Prices of some basic commodities continue to climb
Santo Domingo, DR.
Some heads of low-income families who go to the markets to buy the foods that make up the “basic food basket” because they believe that they will find them cheaper there affirm that food prices continue to be very high.
However, the Government’s attempts to maintain and lower the cost of food do not seem to be reflected “completely” on the tables of poor households.
Plantains, oil, rice, chicken, and eggs are foods on the “daily plate” of Dominican families, yet they are the protagonists in the collective complaints of mothers of families.
During a tour of the markets of the Feria Ganadera and the Merca Santo Domingo, reporters of Listín Diario observed in the stalls selling Creole food in the Feria Ganadera that the price of a carton of eggs was at RD$190.
According to Juan Perez, a trader in the area, prices have continued to rise, “first they were at 160, now they are up 190,” he added. According to Perez, the food trade is complex because they have to increase the selling price to make a profit.

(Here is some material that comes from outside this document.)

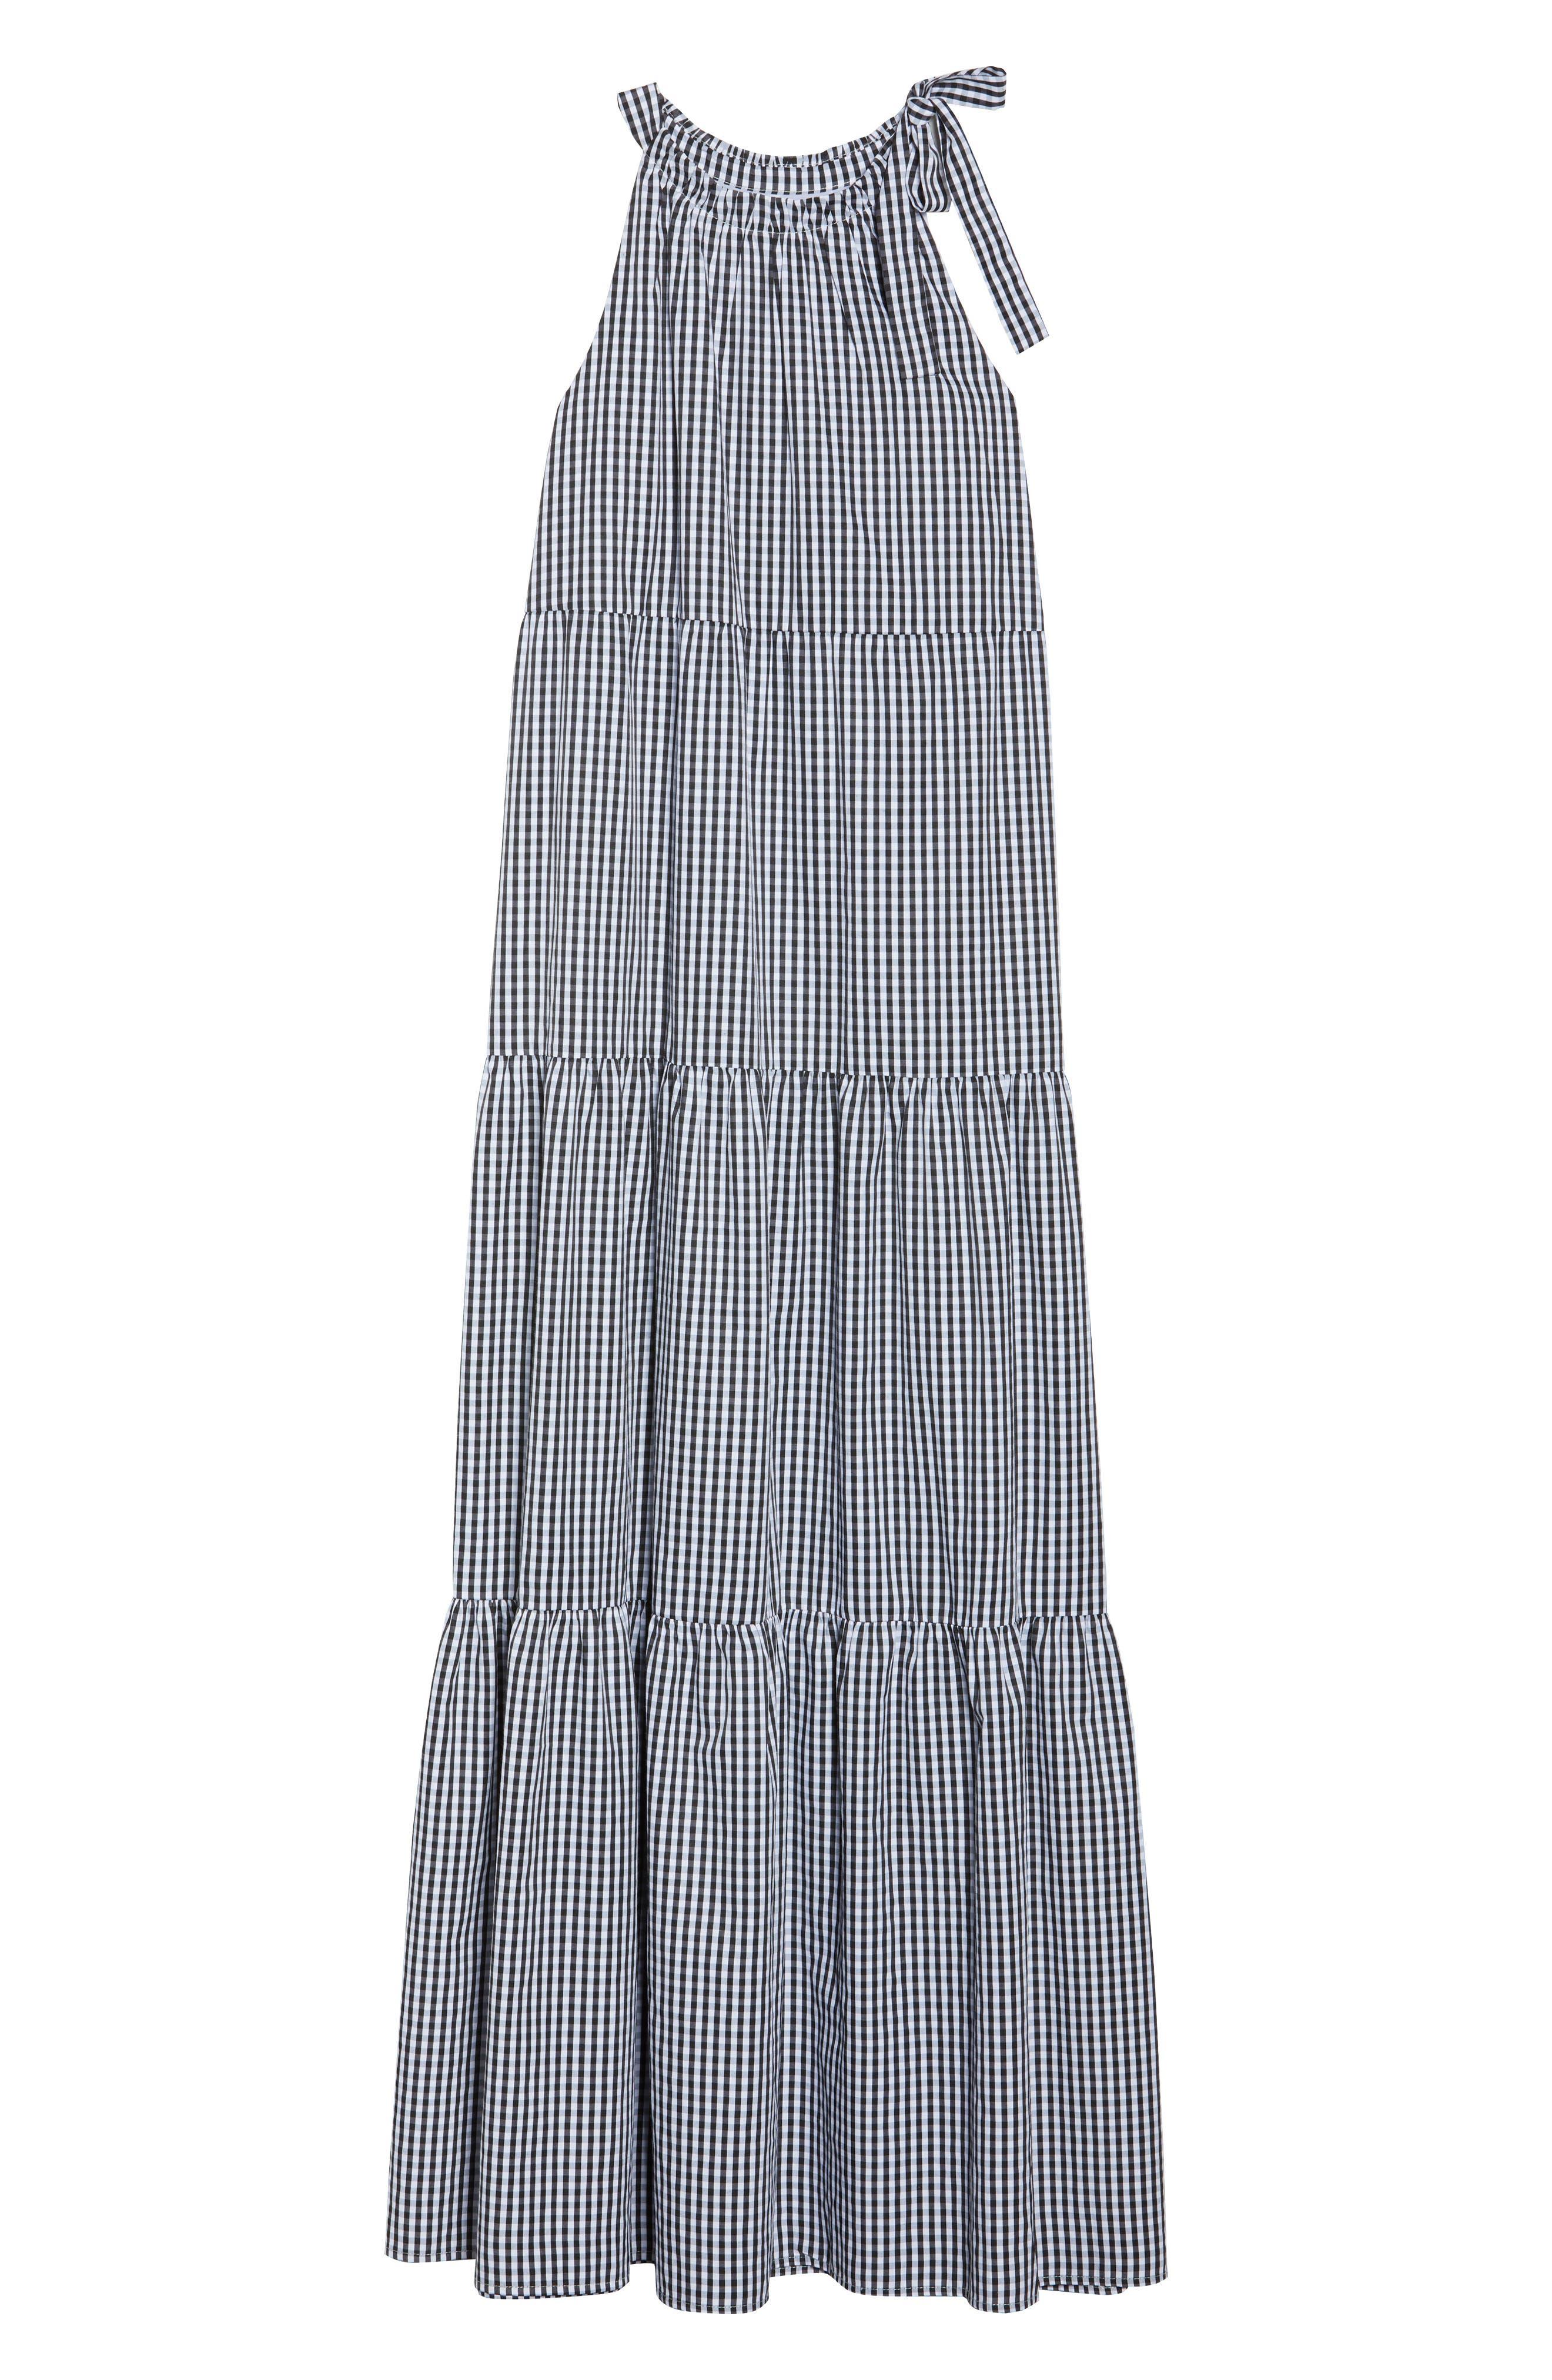 Gingham Check Maxi Dress,                             Alternate thumbnail 7, color,                             100

“If food prices go up, I have to go up as well to make a profit,” said the merchant, while explaining that the price of rice continues to increase: “Before, I used to sell it at RD$25, and now it is around RD$28, and if it is a brand name rice, you know that it is more expensive,” said the merchant when referring to the price at which he sells a pound of rice.
Likewise, Pedro Espinosa, in charge of one of the banana and plantain stands, said that the prices of bananas had significantly increased, affecting his profits, since “these groceries are very expensive. There in the market, they sell us a banana for 8 and 9 pesos; here, I have to sell it for 10 pesos and more to make a profit; when I went to buy it, I wanted to return with my money.”
Oils go down
A seller of edible oils, who preferred not to reveal his identity, indicated that the big companies have slightly reduced the oil price, precisely the oil produced by the Dominican company Mercasid, of the brand “Crisol.” The value of half a gallon is RD$345, a gallon is RD$650, and the “jumbo” is RD$1,100, so “it is not really expensive; the price of Crisol oil has dropped a little,” he said.

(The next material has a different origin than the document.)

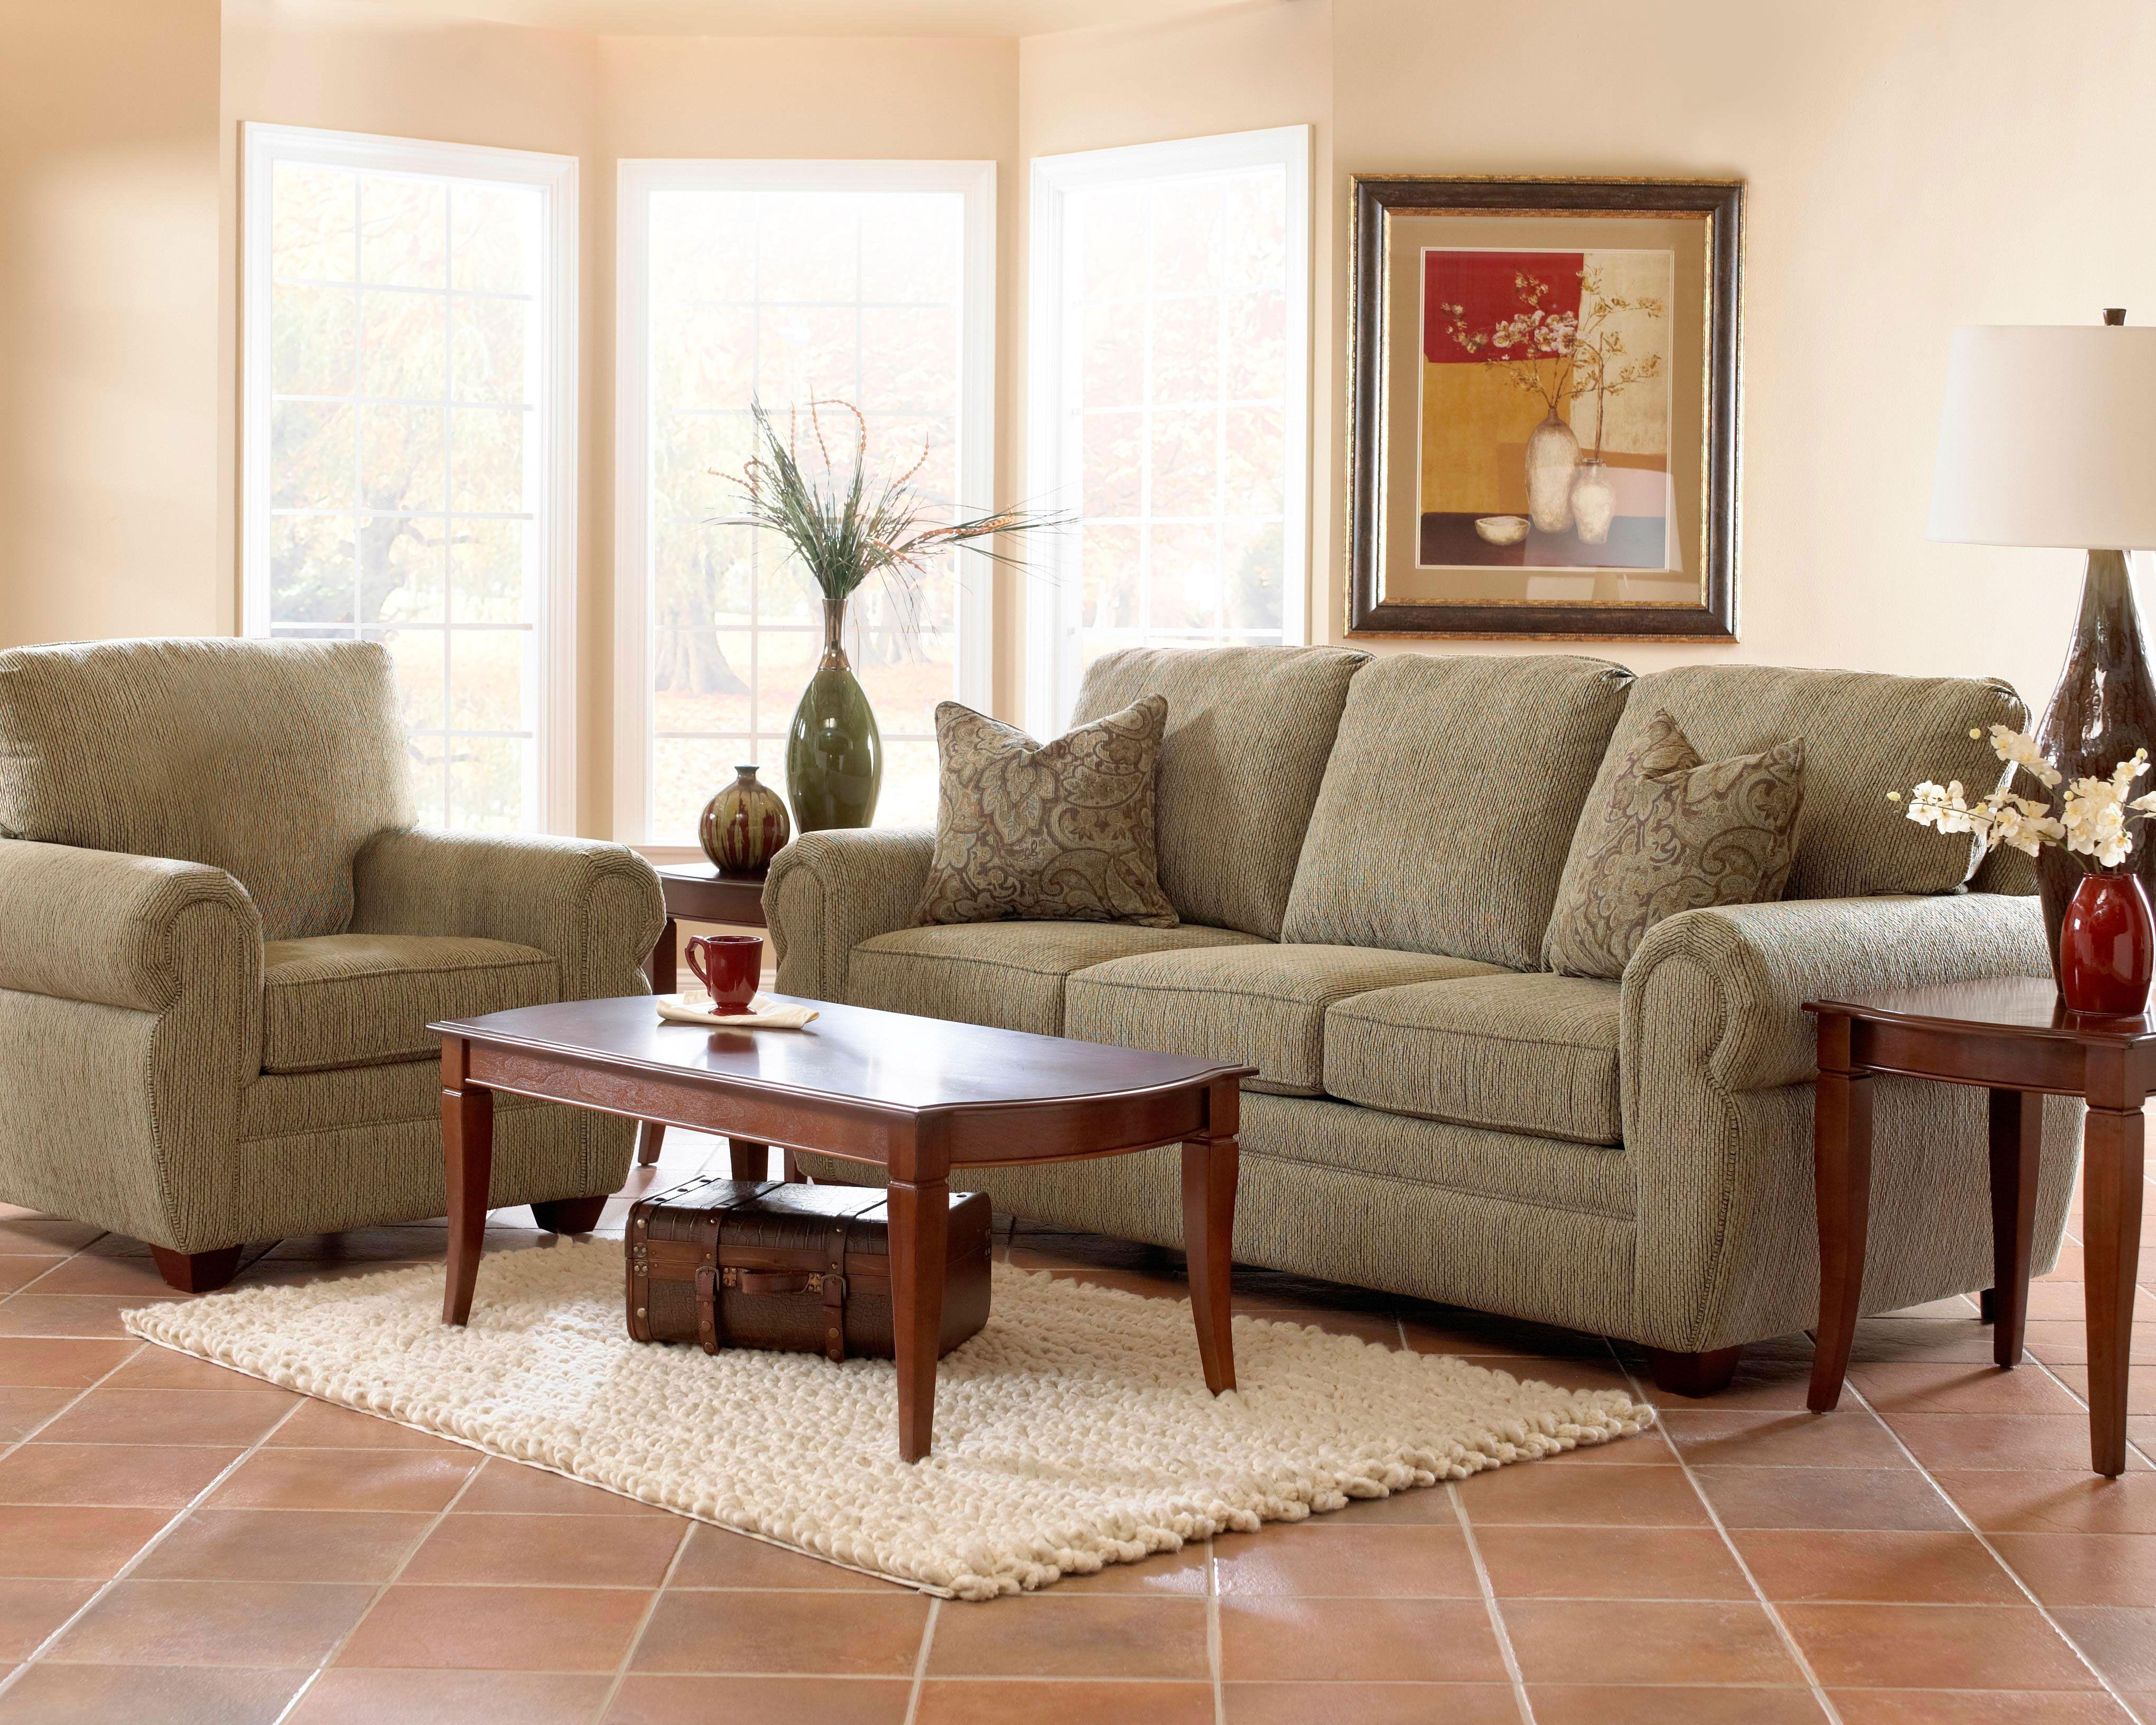 Khaki Olive Green Sofas Google Search Klaussner Furniture City Living Room Furniture

The price of avocado has remained stable between RD$50 and RD$40. “Here, the avocado is stable (price), and it will always depend on the amount of production and the seasons.”
Merchants at a butcher shop clarified that meats “have not increased in value” “A pound of chicken has a value of RD$86, breast RD$145 and pork RD$125.”
María Álvarez, a housewife, expressed her discontent with the cost of some foods, “some prices are stable, but eggs, bananas, and rice are more expensive while explaining that although she recognized that in the markets, the prices are more accessible than in the supermarkets, she does not agree with some increases.
In conversation with Eduardo Torres, the father of a family, he said that the essential foods for good nutrition to feed a family could be bought in the “Merca” at reasonable prices.
“I live in Arroyo Hondo, and I come here only to buy; what I spend on gasoline; I save on food,” said Torres, explaining that he only buys at this stand. Here I buy four avocados for RD$100, beans sell for RD$75, here at RD$50, chicken RD$72, and chicken breast at RD$92.